··· Study material ···
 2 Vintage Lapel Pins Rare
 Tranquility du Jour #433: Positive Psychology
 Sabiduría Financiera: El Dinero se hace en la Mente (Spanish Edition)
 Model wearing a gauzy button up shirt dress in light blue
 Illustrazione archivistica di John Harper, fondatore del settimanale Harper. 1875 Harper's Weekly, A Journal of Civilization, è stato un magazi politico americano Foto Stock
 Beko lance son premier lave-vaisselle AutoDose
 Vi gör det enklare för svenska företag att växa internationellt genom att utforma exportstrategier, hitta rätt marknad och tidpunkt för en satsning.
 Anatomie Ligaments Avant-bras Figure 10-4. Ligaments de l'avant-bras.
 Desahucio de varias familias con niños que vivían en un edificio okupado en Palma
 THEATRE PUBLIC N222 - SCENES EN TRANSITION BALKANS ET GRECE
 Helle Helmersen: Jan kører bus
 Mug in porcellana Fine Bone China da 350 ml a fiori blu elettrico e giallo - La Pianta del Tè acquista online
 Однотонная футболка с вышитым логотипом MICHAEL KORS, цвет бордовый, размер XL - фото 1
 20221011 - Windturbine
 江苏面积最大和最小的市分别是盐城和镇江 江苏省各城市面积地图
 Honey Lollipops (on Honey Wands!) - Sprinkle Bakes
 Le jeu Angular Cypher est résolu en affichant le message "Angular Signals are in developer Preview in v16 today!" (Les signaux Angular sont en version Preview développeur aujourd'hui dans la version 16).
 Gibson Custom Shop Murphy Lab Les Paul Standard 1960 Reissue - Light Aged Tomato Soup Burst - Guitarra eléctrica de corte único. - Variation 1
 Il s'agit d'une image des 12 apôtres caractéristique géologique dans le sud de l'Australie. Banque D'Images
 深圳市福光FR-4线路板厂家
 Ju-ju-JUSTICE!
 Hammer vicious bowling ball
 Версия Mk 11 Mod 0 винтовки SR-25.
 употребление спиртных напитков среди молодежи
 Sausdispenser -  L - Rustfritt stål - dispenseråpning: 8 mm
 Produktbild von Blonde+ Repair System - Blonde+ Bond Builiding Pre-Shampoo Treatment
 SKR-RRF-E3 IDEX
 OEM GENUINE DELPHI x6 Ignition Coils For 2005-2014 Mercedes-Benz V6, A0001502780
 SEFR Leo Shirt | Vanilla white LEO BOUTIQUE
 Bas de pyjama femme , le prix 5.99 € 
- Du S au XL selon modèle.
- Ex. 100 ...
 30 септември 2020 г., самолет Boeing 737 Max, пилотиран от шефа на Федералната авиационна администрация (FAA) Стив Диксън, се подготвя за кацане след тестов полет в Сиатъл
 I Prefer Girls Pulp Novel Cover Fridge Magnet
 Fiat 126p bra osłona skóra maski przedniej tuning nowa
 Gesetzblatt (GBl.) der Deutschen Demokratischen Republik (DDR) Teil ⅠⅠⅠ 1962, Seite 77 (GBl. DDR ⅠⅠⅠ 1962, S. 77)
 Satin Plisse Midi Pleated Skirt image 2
···
◆ Task goal:
In the entries above, find each line that has the word "image". Copy it.

◆ Answer:
 Il s'agit d'une image des 12 apôtres caractéristique géologique dans le sud de l'Australie. Banque D'Images
 Satin Plisse Midi Pleated Skirt image 2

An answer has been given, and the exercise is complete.